Oracle Q4 revenues climb 36% but decline in hardware sales drops share price 7.5%


Oracle Q4 revenues climb 36% but decline in hardware sales drops share price 7.5%

Warwick Ashford

Oracle's fiscal fourth-quarter earnings climbed 36% to $3.2bn and total revenues were up 13% to $10.8bn. But a decline in hardware sales and a forecast of only 10% to 20% growth in licence sales sent Oracle shares down by as much as 7.5% in late trading.

The company reported hardware sales declined 6% to $1.16bn, despite a forecast in March of an increase of up to 12%, but analysts say hardware gross margin rose to 56% in the quarter, up from 46% a year ago, indicating Oracle is making progress selling higher-margin machines.

Safra Catz, chief financial officer at Oracle, said hardware sales may rebound in the current quarter, which ends in August. However, sales of hardware products may range from a 5% increase to a 5% decrease, she said.

Profit excluding certain costs was 75 cents a share in the quarter that ended May 31, exceeding the 71-cent average estimate of analysts, and sales climbed 13% to $10.8bn, meeting analysts' predictions, according to Bloomberg.

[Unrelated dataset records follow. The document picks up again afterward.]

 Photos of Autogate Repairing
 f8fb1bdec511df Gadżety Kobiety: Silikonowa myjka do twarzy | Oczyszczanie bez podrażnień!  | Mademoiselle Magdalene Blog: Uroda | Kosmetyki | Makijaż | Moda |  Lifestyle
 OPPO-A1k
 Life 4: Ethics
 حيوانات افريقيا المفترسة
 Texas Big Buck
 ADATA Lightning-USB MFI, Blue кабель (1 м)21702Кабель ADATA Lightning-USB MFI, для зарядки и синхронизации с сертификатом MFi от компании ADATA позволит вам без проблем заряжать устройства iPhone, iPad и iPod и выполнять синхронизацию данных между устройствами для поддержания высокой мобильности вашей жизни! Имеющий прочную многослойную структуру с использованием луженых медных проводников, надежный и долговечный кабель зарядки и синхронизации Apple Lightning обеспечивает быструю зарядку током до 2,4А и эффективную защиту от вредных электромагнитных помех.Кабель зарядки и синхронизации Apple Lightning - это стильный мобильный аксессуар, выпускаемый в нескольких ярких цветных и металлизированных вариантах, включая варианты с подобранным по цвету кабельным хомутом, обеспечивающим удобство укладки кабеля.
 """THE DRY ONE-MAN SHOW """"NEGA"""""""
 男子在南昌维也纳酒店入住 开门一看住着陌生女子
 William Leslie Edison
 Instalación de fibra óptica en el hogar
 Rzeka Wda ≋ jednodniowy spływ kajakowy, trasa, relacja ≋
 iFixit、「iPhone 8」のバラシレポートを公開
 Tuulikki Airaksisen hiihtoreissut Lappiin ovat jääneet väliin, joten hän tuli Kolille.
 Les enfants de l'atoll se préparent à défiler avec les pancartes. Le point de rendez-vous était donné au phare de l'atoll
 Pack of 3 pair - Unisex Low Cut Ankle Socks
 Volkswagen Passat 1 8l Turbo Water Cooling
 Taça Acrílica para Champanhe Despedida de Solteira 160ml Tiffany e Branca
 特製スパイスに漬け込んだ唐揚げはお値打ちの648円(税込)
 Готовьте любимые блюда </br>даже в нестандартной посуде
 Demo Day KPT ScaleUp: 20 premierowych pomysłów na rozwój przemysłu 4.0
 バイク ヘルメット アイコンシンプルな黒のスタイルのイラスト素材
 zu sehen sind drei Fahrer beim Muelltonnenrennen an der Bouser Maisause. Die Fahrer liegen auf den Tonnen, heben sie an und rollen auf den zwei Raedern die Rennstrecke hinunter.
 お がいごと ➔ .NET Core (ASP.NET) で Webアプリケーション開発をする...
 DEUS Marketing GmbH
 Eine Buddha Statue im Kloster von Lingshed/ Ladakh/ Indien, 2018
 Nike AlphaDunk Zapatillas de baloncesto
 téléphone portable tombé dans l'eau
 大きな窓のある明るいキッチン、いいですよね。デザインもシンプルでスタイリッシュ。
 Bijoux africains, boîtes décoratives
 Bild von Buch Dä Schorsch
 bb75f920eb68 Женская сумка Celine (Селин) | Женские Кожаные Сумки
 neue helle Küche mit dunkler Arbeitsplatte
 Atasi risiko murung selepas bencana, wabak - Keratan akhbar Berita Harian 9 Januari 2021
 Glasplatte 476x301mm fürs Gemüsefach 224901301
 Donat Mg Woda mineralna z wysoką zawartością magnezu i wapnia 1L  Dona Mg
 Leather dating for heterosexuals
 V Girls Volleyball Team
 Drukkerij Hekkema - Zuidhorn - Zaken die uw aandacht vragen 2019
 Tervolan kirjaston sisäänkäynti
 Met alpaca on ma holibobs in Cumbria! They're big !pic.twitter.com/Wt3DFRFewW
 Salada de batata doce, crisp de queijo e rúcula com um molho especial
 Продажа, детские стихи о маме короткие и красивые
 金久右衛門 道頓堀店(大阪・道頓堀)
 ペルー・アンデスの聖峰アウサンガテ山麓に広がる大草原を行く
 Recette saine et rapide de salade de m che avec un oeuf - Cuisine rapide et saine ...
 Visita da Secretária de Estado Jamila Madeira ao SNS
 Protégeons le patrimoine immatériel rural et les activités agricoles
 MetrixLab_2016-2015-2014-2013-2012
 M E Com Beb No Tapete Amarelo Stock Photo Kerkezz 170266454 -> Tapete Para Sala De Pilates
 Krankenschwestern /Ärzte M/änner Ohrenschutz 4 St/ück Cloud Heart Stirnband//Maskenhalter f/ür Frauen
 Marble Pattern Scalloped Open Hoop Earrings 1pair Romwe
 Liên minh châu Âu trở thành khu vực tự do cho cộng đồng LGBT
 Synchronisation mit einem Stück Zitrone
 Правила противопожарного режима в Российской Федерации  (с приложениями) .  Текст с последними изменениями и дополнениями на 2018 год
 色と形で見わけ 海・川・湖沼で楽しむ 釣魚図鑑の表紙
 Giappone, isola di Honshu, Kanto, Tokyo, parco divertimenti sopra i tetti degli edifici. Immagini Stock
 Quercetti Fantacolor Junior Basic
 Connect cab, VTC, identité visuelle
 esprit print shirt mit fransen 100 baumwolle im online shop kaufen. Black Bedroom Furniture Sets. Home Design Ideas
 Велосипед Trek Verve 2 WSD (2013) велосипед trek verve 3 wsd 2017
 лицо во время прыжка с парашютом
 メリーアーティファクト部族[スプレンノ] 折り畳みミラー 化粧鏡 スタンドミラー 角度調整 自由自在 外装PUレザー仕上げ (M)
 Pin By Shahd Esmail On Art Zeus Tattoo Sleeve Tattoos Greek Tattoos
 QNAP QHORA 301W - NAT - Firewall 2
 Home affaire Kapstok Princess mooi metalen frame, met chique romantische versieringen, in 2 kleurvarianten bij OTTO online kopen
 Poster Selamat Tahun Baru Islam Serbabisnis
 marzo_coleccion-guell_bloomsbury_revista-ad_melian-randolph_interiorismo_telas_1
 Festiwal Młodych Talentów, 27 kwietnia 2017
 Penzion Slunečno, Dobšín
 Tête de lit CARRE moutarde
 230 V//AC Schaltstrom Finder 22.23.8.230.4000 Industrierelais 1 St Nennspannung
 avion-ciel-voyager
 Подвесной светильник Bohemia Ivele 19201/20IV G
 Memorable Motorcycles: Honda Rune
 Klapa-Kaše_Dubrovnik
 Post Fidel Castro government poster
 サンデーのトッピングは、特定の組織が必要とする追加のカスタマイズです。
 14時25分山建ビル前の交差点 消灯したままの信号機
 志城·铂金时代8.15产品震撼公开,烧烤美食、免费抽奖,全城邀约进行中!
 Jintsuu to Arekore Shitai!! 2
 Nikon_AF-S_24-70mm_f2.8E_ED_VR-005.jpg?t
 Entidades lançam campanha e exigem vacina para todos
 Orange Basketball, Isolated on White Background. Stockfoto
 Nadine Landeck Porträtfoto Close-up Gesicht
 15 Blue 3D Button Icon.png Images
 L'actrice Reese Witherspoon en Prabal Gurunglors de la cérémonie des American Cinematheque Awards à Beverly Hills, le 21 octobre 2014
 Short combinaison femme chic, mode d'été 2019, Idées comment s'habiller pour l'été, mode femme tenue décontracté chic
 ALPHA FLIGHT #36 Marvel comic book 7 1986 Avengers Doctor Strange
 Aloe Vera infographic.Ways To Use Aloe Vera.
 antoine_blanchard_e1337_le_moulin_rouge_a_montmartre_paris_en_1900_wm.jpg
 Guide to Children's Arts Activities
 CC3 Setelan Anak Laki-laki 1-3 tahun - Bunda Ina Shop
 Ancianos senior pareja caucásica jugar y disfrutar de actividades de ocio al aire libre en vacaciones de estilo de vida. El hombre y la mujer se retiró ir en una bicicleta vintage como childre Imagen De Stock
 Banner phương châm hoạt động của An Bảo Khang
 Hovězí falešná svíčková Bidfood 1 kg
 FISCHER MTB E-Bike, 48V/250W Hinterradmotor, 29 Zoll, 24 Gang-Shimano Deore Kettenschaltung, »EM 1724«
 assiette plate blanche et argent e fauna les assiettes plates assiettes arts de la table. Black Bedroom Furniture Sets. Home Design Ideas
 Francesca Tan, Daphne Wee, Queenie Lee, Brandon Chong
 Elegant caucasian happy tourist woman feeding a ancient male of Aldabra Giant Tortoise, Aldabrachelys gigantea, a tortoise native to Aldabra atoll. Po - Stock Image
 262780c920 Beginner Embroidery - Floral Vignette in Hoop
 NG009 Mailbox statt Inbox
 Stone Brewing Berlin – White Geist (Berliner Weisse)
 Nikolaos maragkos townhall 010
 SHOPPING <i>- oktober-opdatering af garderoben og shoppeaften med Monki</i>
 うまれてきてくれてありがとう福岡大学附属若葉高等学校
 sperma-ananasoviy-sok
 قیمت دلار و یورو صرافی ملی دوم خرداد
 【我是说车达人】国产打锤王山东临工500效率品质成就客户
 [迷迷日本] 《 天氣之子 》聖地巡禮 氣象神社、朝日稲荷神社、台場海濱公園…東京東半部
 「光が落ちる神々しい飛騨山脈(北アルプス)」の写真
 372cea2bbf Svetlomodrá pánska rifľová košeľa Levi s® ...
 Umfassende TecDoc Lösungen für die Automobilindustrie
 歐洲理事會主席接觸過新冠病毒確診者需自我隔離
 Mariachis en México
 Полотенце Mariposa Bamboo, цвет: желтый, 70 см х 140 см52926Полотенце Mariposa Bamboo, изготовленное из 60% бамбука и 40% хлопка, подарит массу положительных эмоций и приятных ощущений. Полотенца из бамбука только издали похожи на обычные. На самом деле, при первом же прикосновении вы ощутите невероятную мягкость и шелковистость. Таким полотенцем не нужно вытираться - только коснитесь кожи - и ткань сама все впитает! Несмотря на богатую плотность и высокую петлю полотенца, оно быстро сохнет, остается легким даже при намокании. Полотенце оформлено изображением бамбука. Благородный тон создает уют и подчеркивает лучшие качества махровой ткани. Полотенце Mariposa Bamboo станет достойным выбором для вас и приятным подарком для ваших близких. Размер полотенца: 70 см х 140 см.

Despite the conservative forecast, licence sales gained 19% in the quarter to $3.74bn. "This strong organic growth combined with continuously improving operational efficiencies enabled us to deliver a 48% operating margin in the quarter," said Safra Catz.

Mark Hurd, president at Oracle, attributed the record software sales in part to the company's Exadata and Exalogic hardware systems. He said more than 1,000 Exadata machines were installed worldwide in 2011, which Oracle plans to triple in the new fiscal year.

But it was even more important to note that Oracle is now able to attach sales of software and service agreements to every hardware deal, which will generate on-going revenue, said Hurd.

Larry Ellison, chief executive at Oracle, said in fiscal year 2011, Oracle's database business experienced its fastest growth in a decade.

"Over the past few years we added features to the Oracle database for both cloud computing and in-memory databases that led to increased database sales this past year. Lately we've been focused on the big business opportunity presented by Big Data," Larry Ellison said.

At Oracle's OpenWorld conference, which begins on 2 October in San Francisco, the company plans to announce a computer system for analysing data in a computer's memory instead of on a disc, similar to SAP's HANA appliance.

Oracle also plans what it calls a "big-data accelerator," a product that will use open-source Hadoop software to help companies handle large amounts of data from various sources.